The four remaining frames have no eggs or brood, just food.

It is 'possible' the soggy mass contains eggs and maybe a new queen.

My question is, if there is no queen, what should be my way forward?

Should I try and requeen the hive (as I know if there is no queen, time will be running out), or should I add some eggs from another hive and let them produce a new queen themselves (can this be done?)

Thoughts and advice would be welcome!
If you are describing a frame of brood as a soggy lump are you really sure you are queenless as if you are how can you have brood?

Do you know what brood looks like? Have you looked on the web to see pictures?

Unless you know reasonably surely what you are telling us then advising you is a tad tricky to say the least.

I would remove the fallen comb from the hive.
The best course of that would be to geta queen cell from someone, or failing that, a frame of eggs from which they will make an emergency queen.
I was definately queenless 3 weeks ago. no eggs, no brood but there was a superceeding cell so I left the hive alone.
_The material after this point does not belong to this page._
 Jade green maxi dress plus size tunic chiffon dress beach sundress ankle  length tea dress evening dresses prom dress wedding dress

I have another hive with eggs and brood, all quite easy to see.

As the sealed superceeding cell was only three weeks ago, I would have hoped 'if' the queen has hatched, and is healthy, she may have mated and started laying eggs (although the books suggest she may not mate for up to three weeks from hatching)
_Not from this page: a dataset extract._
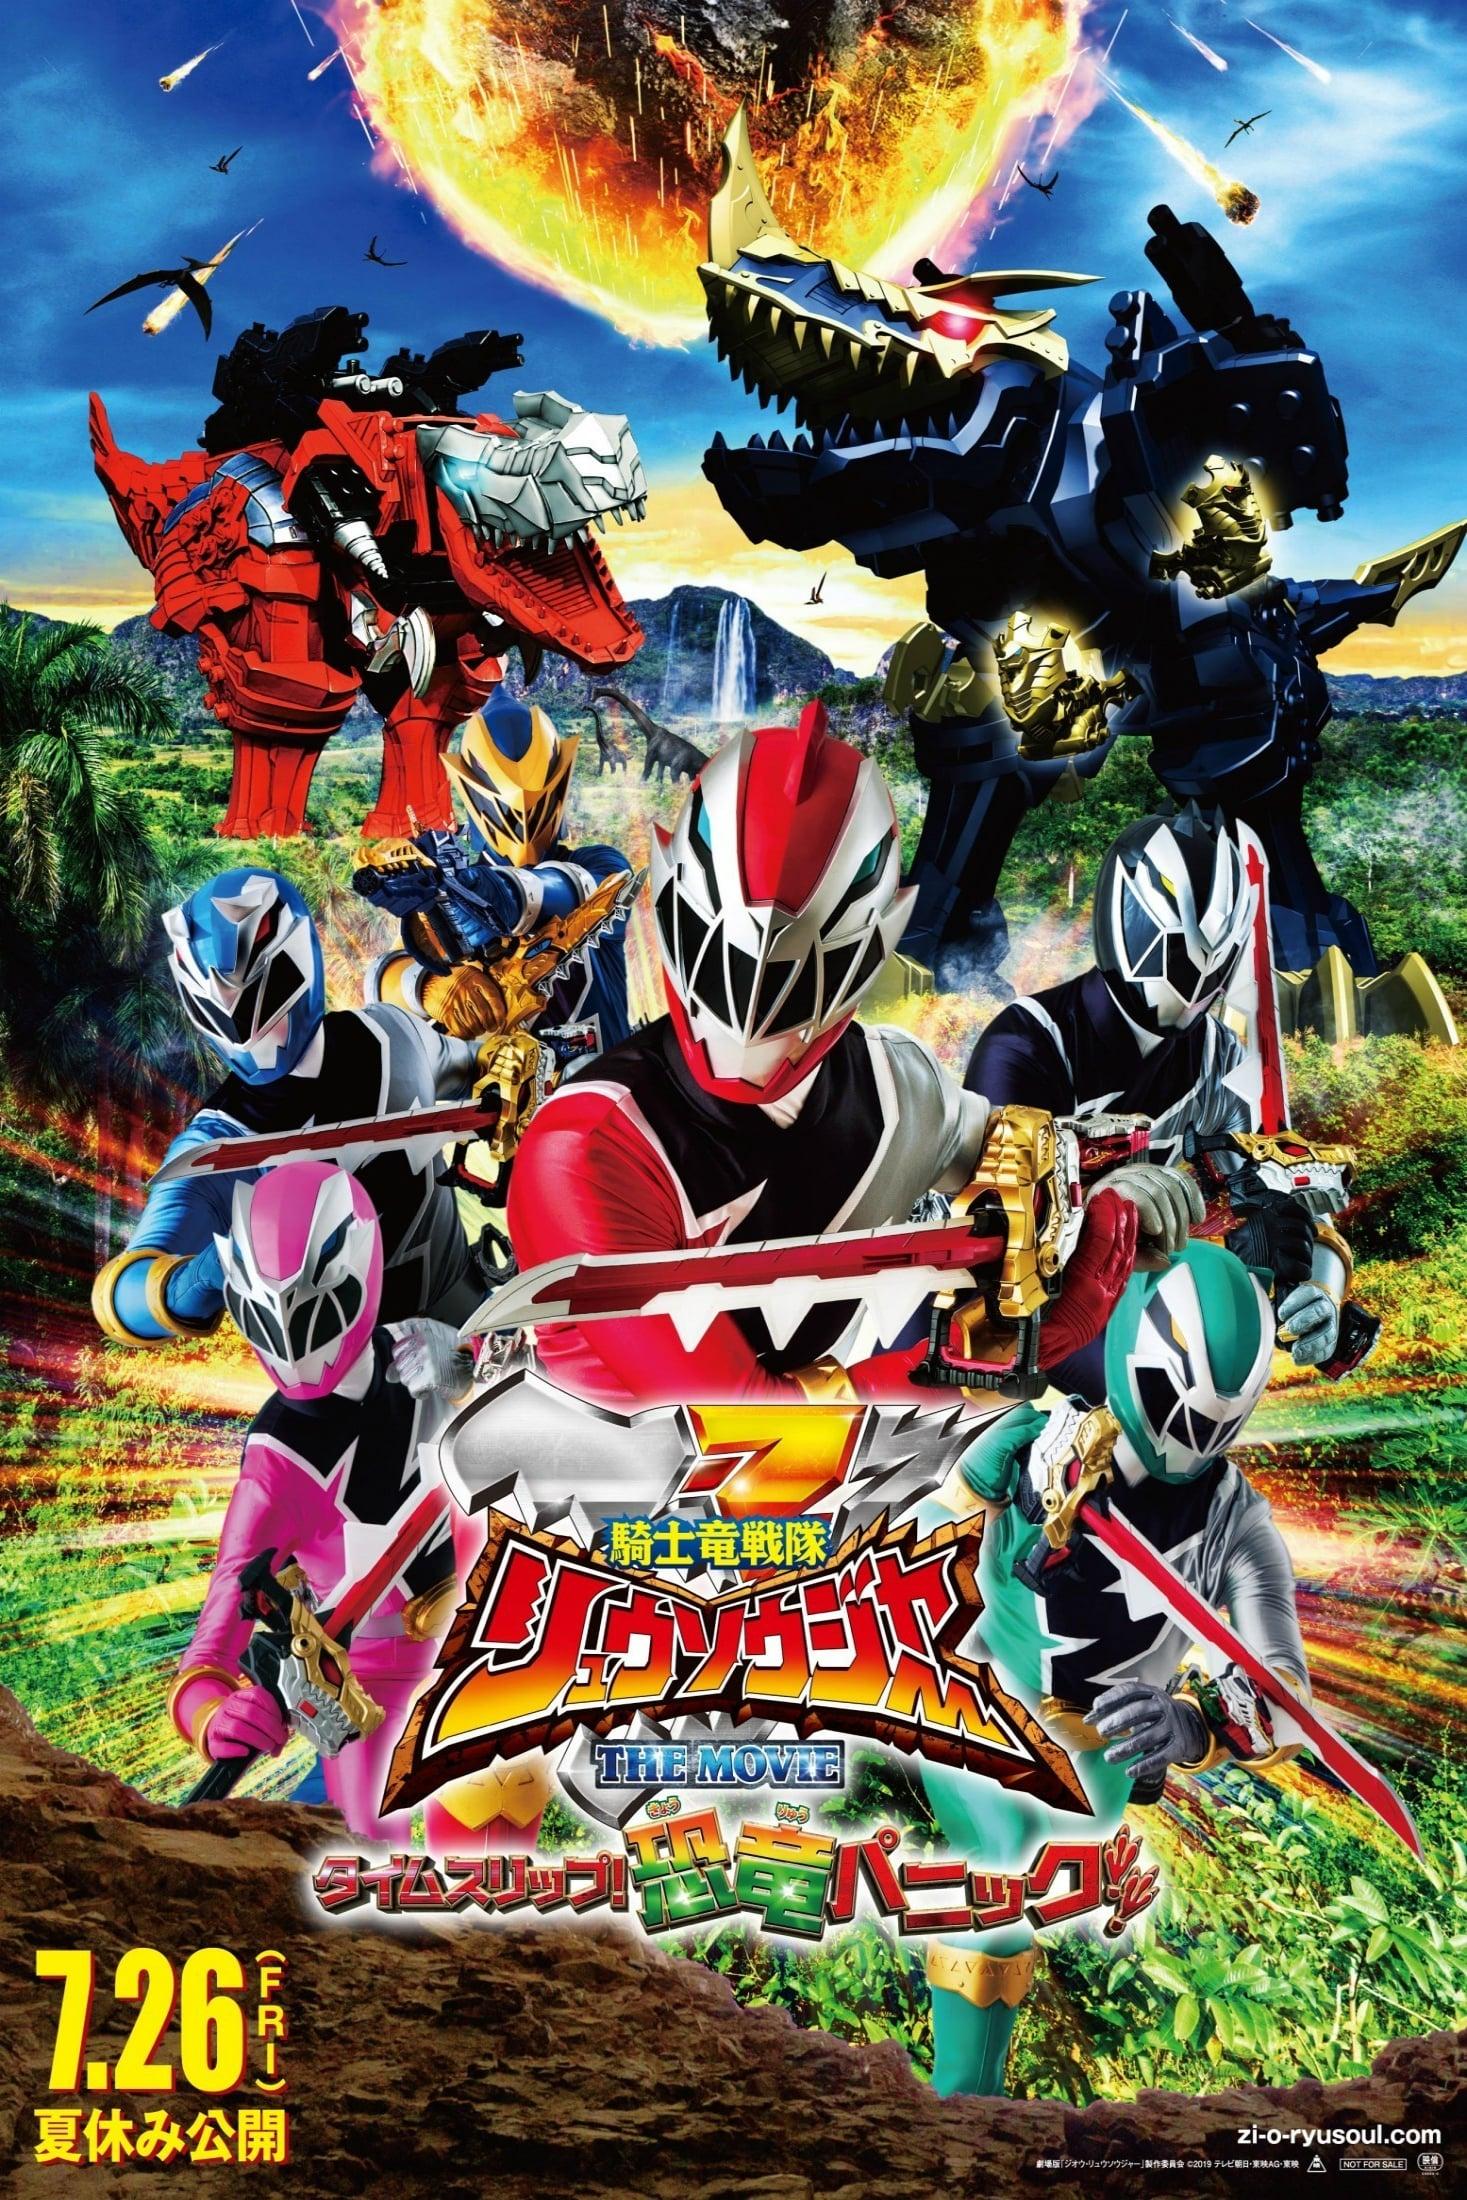 Kishiryu Sentai Ryusoulger The Movie: Time Slip! Dinosaur Panic!!

Most of the remaining frames appear to be stores, each filled with liquid and some of which are being sealed with wax

There is one frame that was used originally to start the nuc that is clearly old and dark brown with a great deal of open cells with no liquid or eggs. The bee's have started leaving this frame alone and am thinking or replacing it.

The frame that the bees were most focusing on is now on the varroa floor and is litteraly covered with bees. I have no idea 'if' there was a queen and whether she is on top of it (or underneath it :( ) when it collapsed.

There may be eggs and blood on the mass on the floor. I call it soggy as there is a small amount of liquid under the floor and can see it glistening at the bottom of the brood box. It is litterally a crumpled lump of fresh comb on the floor.

without taking it out and disturbing everyone I cannot know for sure if there are eggs or a queen on the comb.

not sure whether to leave it be until they lose interest or take it out and put it on the crown board to investigate. 'if' there is a new queen, i don't want to upset her.

if there is no queen i face a possibly crashing population.